With some trial and errors and referring Flax Material Tour examples, I managed to make a material above with following nodes.

But I still cannot understand why Add node (red circle below) is needed instead of ‘Pack Float2’ node, which I thought the answer at the first time.

‘UVs’ input hint popup of Sample Texture node tells me that this is a Float2 value, so I tried to merge a variable of a float and a constant of a float.


But this made the Sampling node to pick only single point of a UV plane, filling the entire output plane with a single color.


What is the difference between ‘Add’ and ‘Pack xxx’?
Isn’t the ‘Add’ node memberwise vector sum?
Why ‘Sample texture’ acts totally different (UV shift vs. point capture and fill) with same(?) Float2 values?

I struggled to track what is the actual input/output value/form of the nodes because it was hard to match the actual behaviours of the value flow with what I supposed reading the document.

Is there some kind of debugger for material editor? I see many graph type shader editors provide somewhat ‘visualizers’ to keep track what is the output of nodes.

This level of feature is could be too big, but I think some kind of probe to point with the mouse at the edge of nodes, telling what type/values are flowing through currently will be a great help.

Keep in mind that in Flax’s Material Nodes

A * B != B * A

Because the node output is cast to the (first?) datatype passed into the node. (I also get confused all the time).

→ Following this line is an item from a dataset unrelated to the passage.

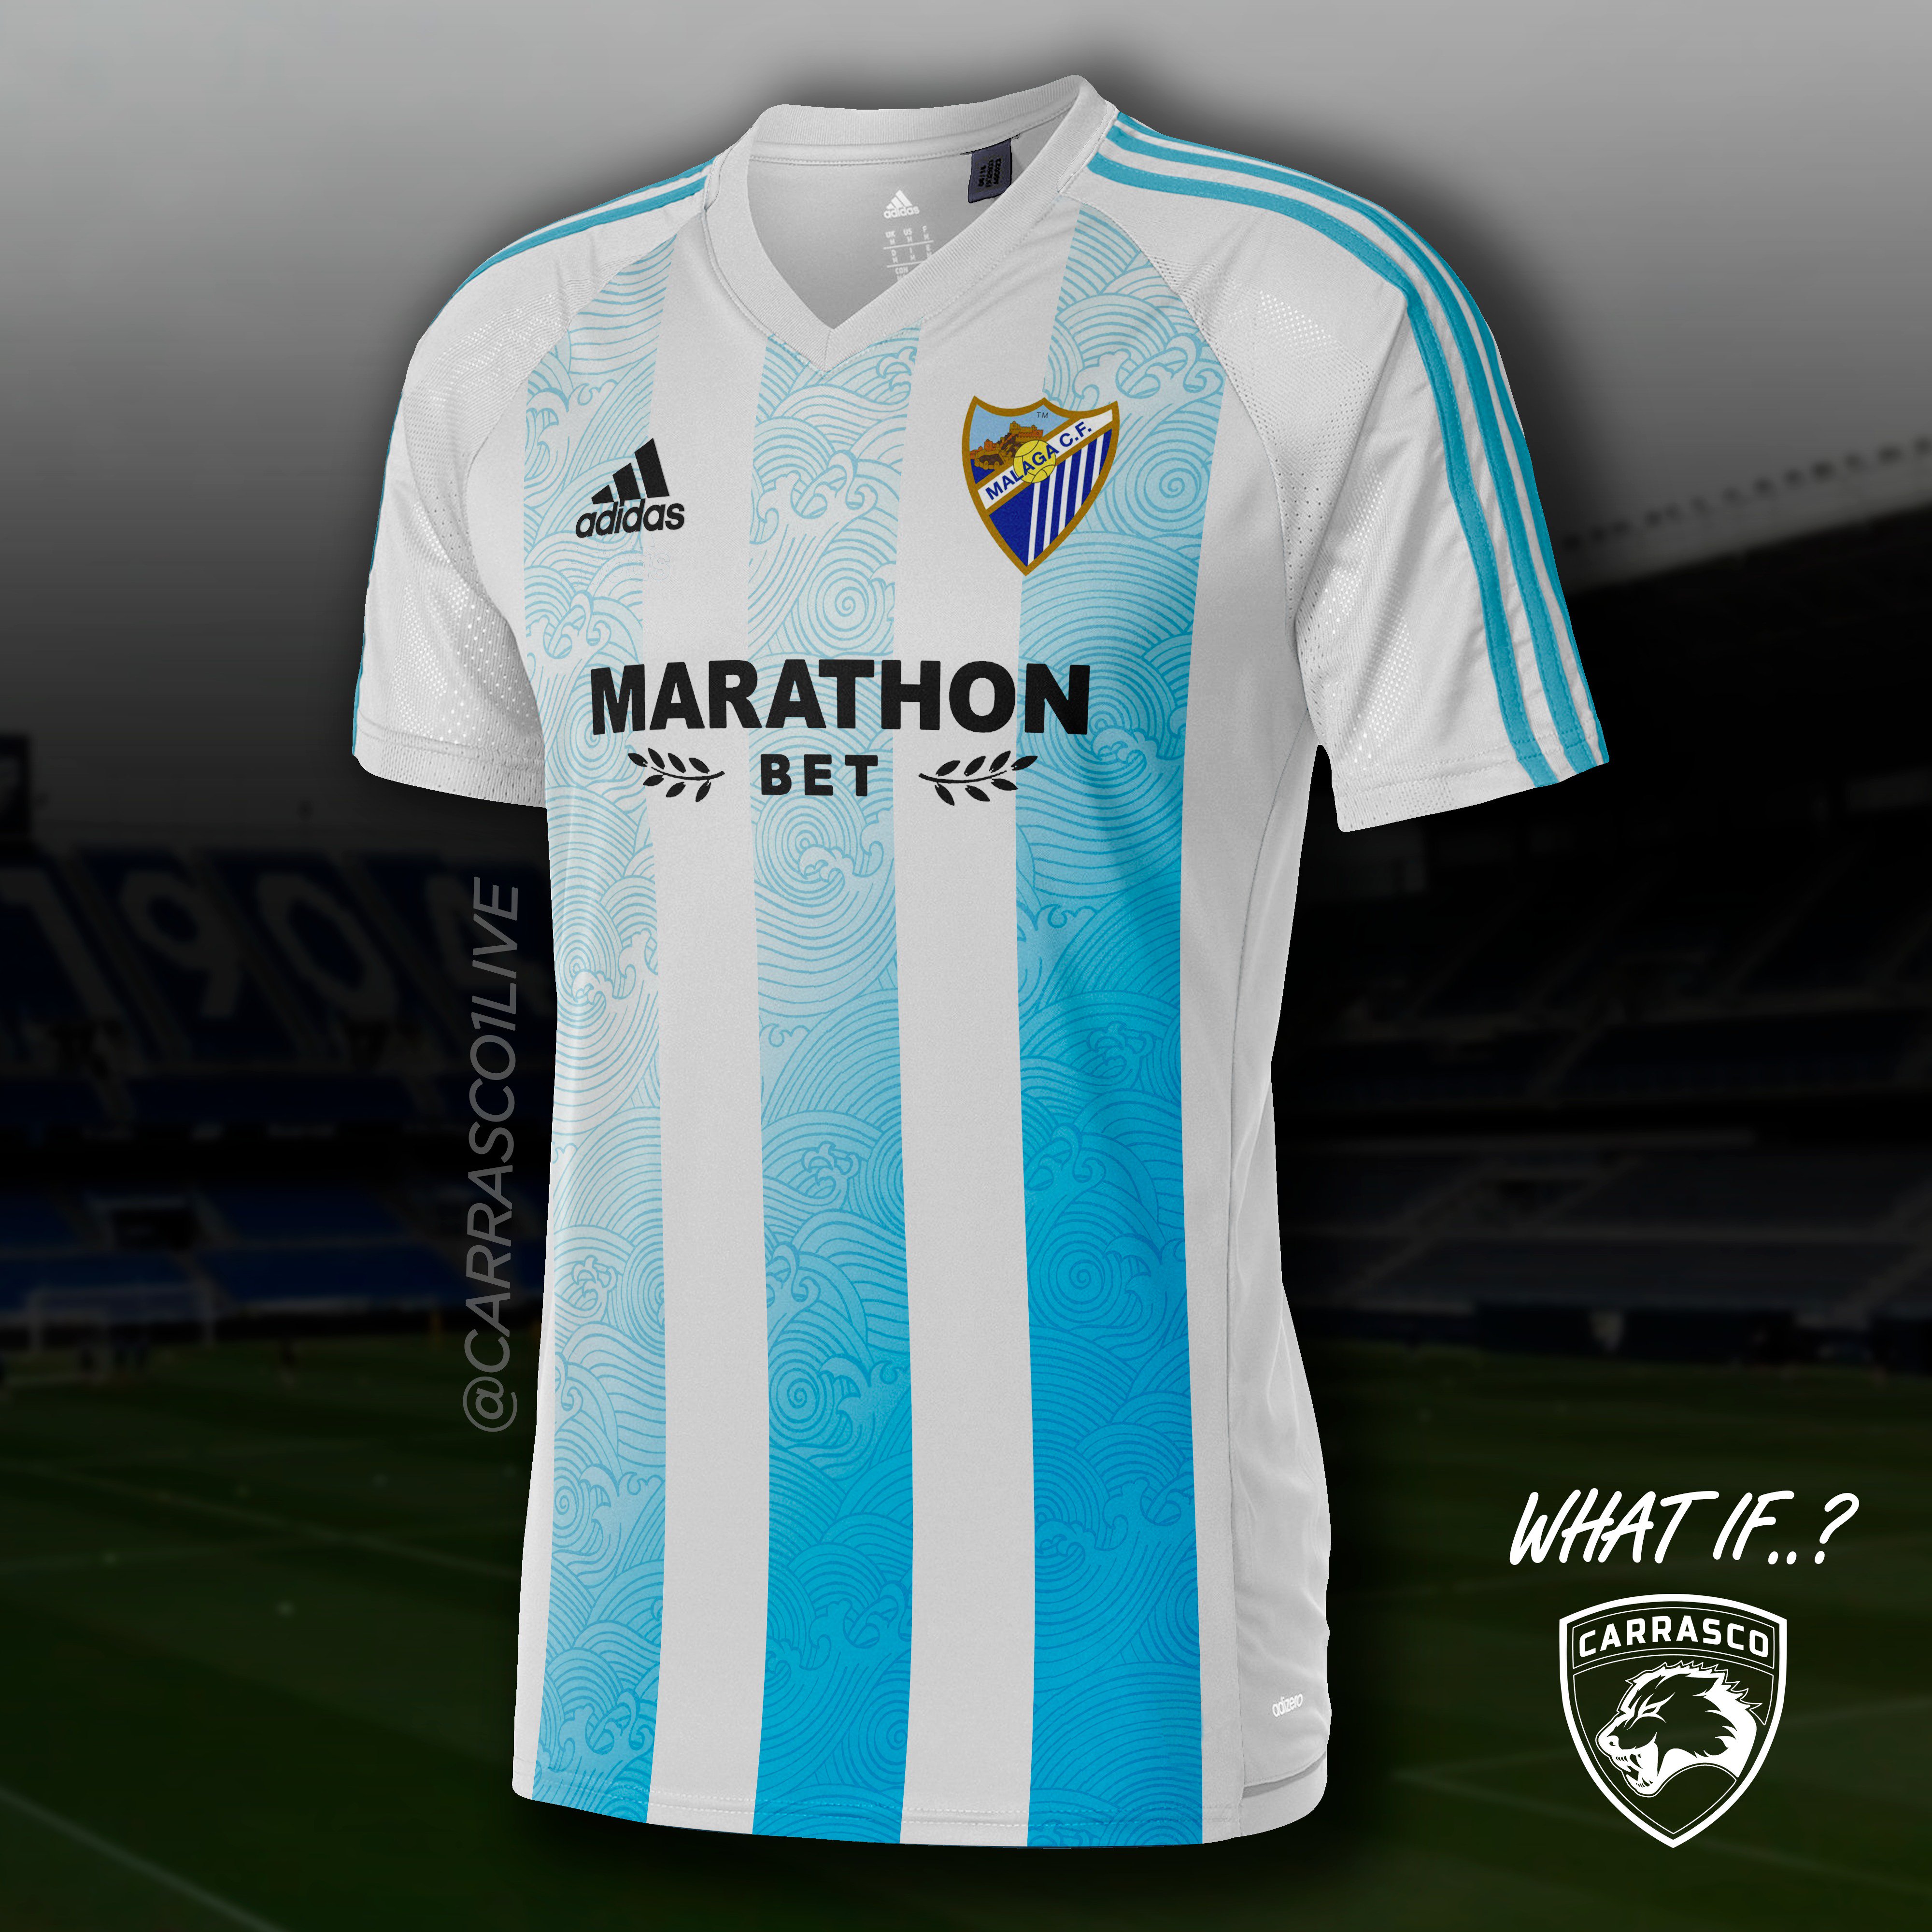 José Carrasco on Twitter: "Comienzo mi serie What if...? La Liga: Nike➡Adidas Málaga Adidas Concept https://t.co/LU3HbOZmq4 … Mockup by @casakeros https://t.co/c4iC2EWPVs" / Twitter

Pack Float2 node accepts 2 floats and packs them into a FLoat2 (Or Vector2) where X is first input and Y second

Add is just an add, but with the catch of the first data type being the output

Add node’s output depends on the first arg, but Pack Float2 node always output as Float2 right?

Yes, but the inputs may be truncated if you provide anything besides 1 dimensional types

Yes, and I was curious that why the Float2 into the UV input samples a single color.

How would you expect it to behave when you input a Float2 output into a Float1 Input?

Sorry I couldn’t understand. Is UV a single Float1? I was thinking that U and V are floats each.

UV is a Float2 but [Pack Float2] node accepts 2x Float1. When you try to pass in Float2 it gets truncated afaik

Yes, I passed two Float1s to the [Pack Float2] input nodes and linked its output (Float2) to the UVs input, as depicted in the screenshot above. Isn’t it?